*YOUR ASSIGNMENT*: Please return the listing exactly as written, but without its pictures.

*THE DATA*:

****************

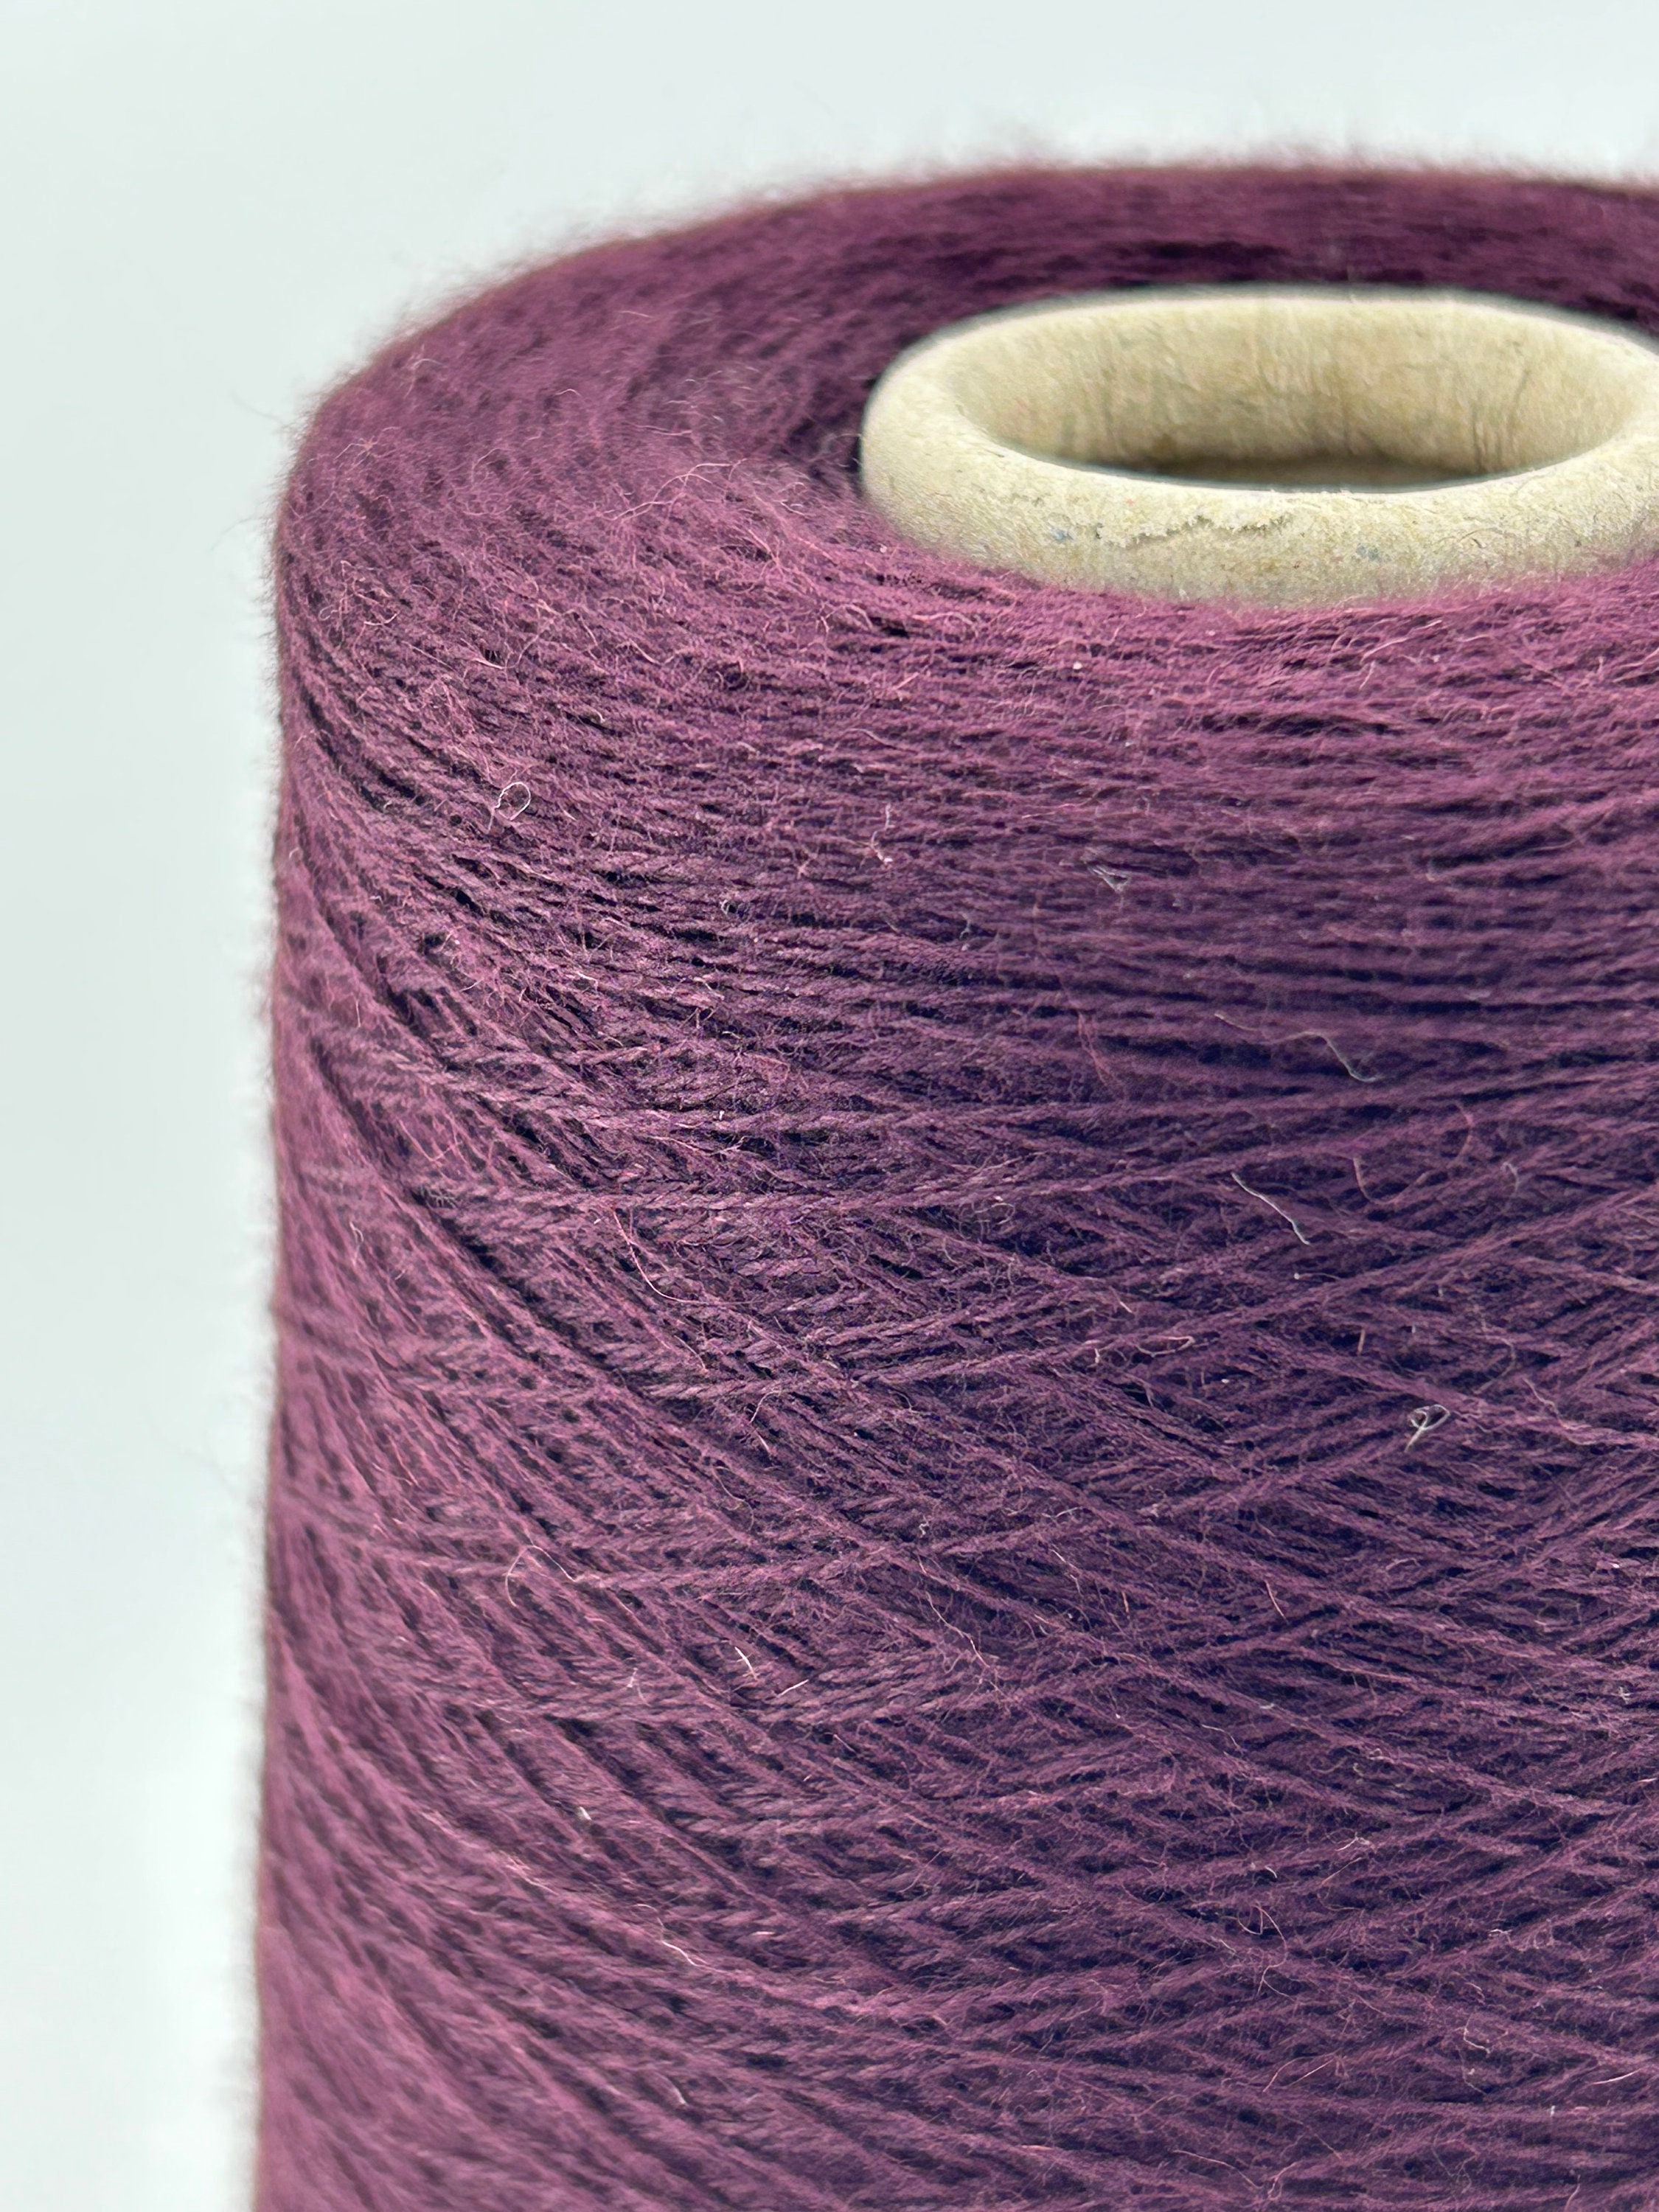 Logwood Natural Dye Kit for 0.45lb Fabric, Violet Purple Color, Natural Dye,  Fabric Dye, Tie Dye, Mordant, Diy, Plant, Batic, Botanical, 09 
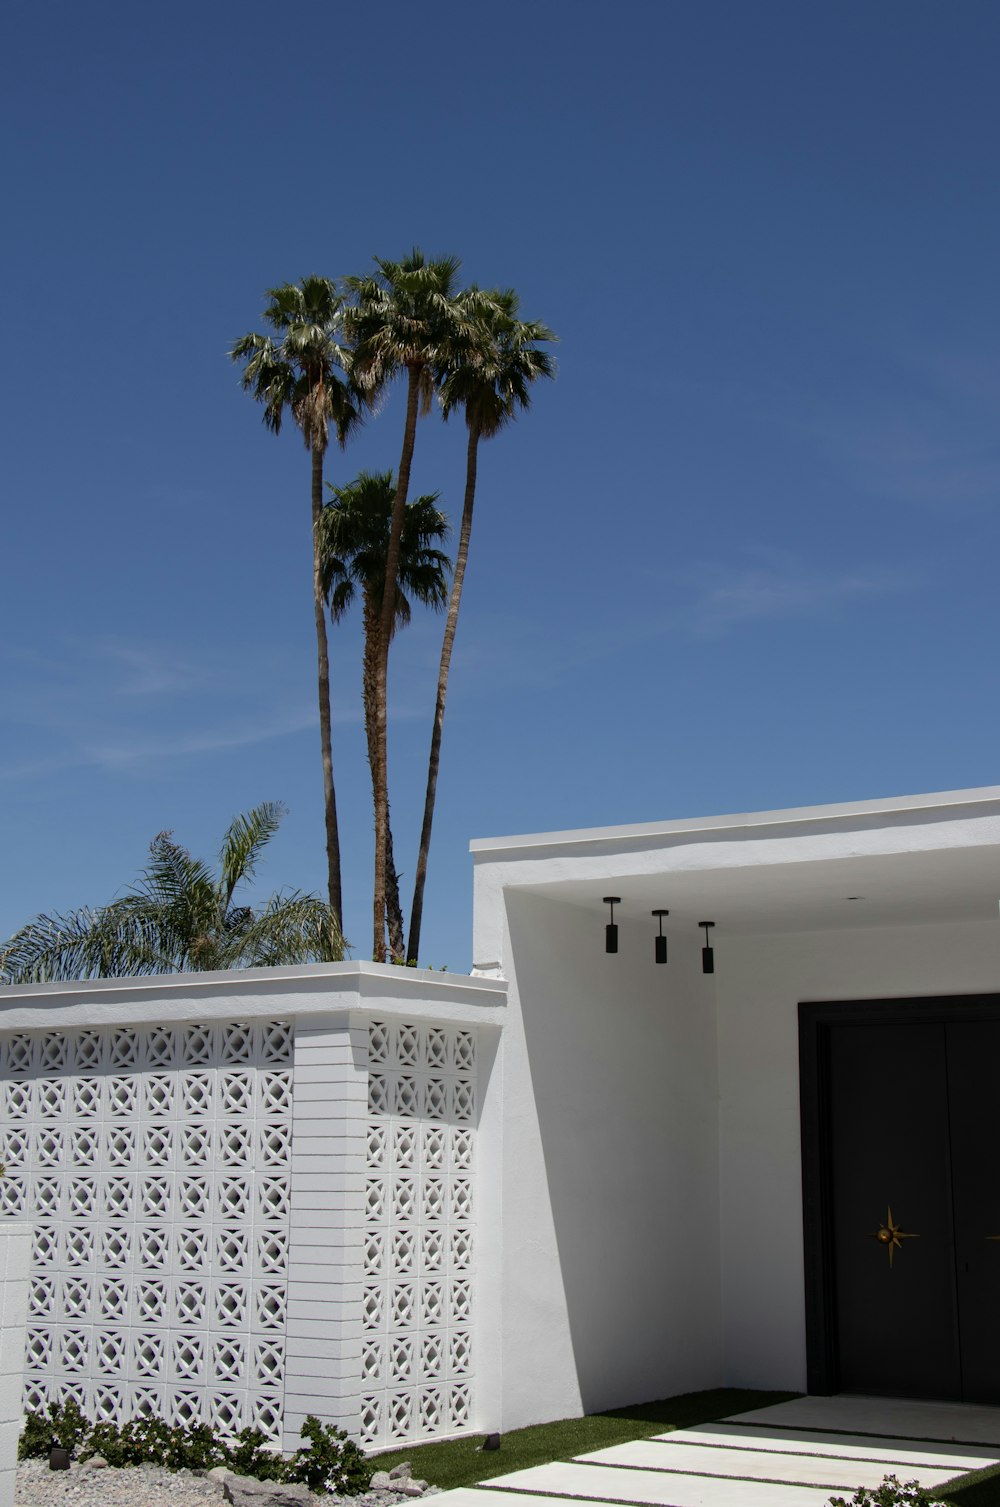 Palmier mexicain près d’une maison peinte en blanc
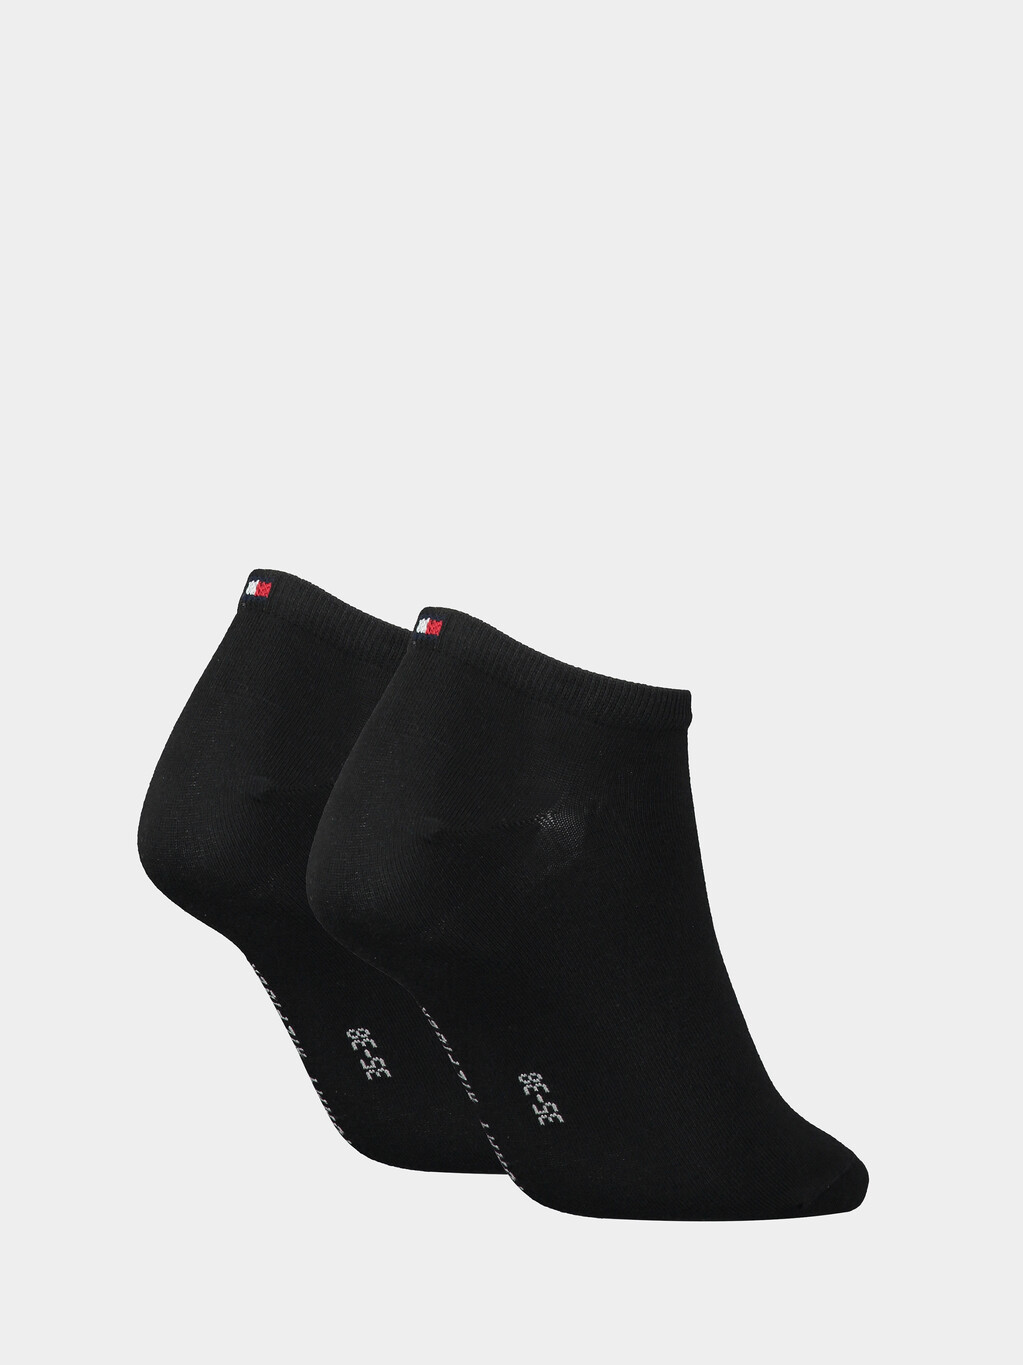 2 件裝運動襪, black, hi-res

****************

*PROBLEM SOLUTION*:
 Logwood Natural Dye Kit for 0.45lb Fabric, Violet Purple Color, Natural Dye,  Fabric Dye, Tie Dye, Mordant, Diy, Plant, Batic, Botanical, 09 
 Palmier mexicain près d’une maison peinte en blanc
 2 件裝運動襪, black, hi-res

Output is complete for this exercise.